The company is transforming itself to go beyond car sharing. It wants to be your integrated transportation solution. To that end, it is also investing in scooter and bike sharing, self-driving vehicles, flying cars, and is partnering with transit networks (trains and buses so that you can purchase your fare through the app):
- Uber bought an electric bike sharing company (Jump) for about US $200 million. At the time of the acquisition, Jump had an average of four trips per day per bike, at an average distance of 2.6 miles (4.2 km). This would cost the user approximately US $2/ride. As such, electric bikes fill in the gap of short distance travel that may cannibalize Uber car rides. Additionally, the company is in talks to potentially acquire either Lime or Bird. Both are leading scooter and bike sharing platforms.
- Through its partnership with Masabi, Uber now allows users to buy public transit tickets through the app.
- The company also invests in self-driving car technology. Over the last 18 months, Uber has invested anywhere between US $125 US $200 million in autonomous vehicle research, and the company has recently hired a former federal US auto safety officer to its self driving team.
- On top of all the above, Uber is also developing a flying car platform, called Elevate.
Ok, phew. That was longer than I intended. It is clear that Uber has global ambitions and is expanding beyond its core car-based ride sharing business. But is the US $120 billion justified?
Currently, Uber is on a ~US $12 billion net revenue run rate in 2018, and is valued at US $72 billion (as of early 2018) giving it a 6X net revenue multiple. If Uber can increase its revenue by 40% in 2019 (which should be a reasonable number since it increased its net revenue by 50% in 2018), then the company can hit close to US $16.8 billion net revenue, or a US $100.8 billion dollar valuation (applying the same 6X multiple), giving a total of 100.8 + 10 (from Didi) + 1.4 (from Yandex) + 1.7 (from Grab) = US $114 billion valuation. Note that this back of the envelope math does not include the increase in value of its stake in other global ride sharing companies. Looking at it this way, it does not seem that the US $120 billion dollar valuation is too far fetched.
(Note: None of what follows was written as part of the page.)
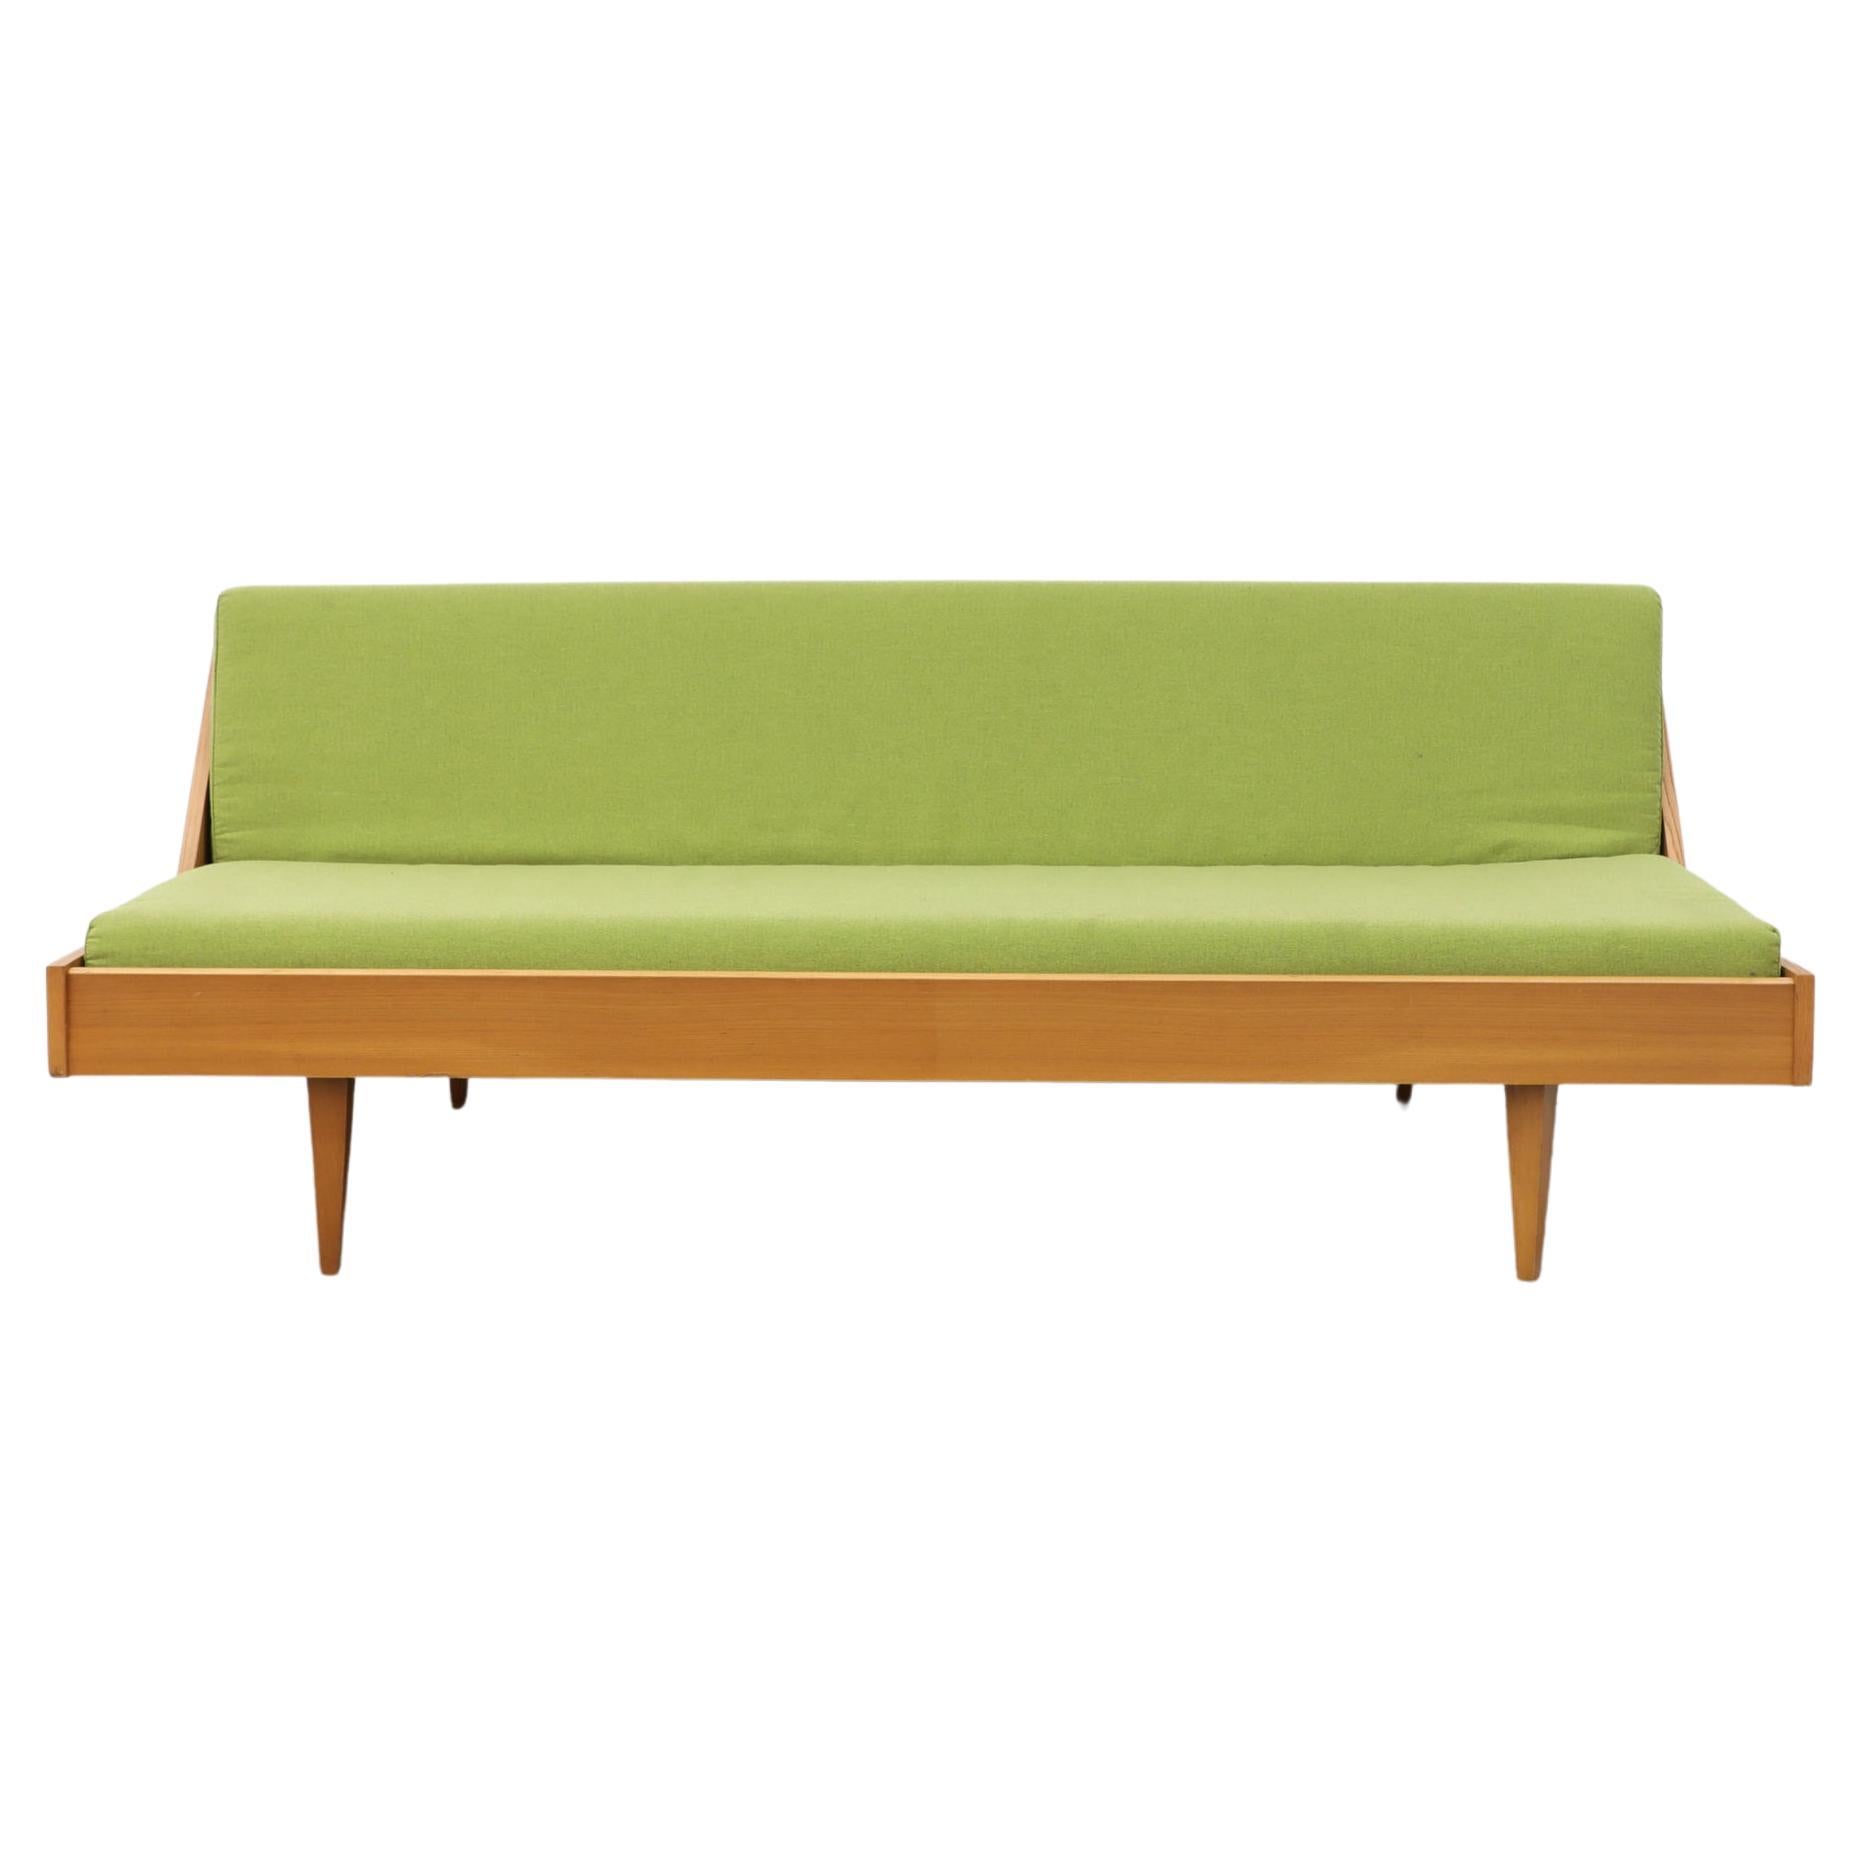 Hans Wegner 'attr' Model GE 258 for Getama Sleeper Sofa With Green Upholstery

Note that the numbers and valuations presented here, at best are rough approximations, as Uber and its subsidiaries are private companies they do not report audited numbers, and valuation of private companies is difficult to accurately assess. Nonetheless, Uber’s is the IPO to watch in 2019. Final valuation determination will be made by public investors, after assessment of the company’s financials is performed, which can only happen a couple of weeks before the official IPO date.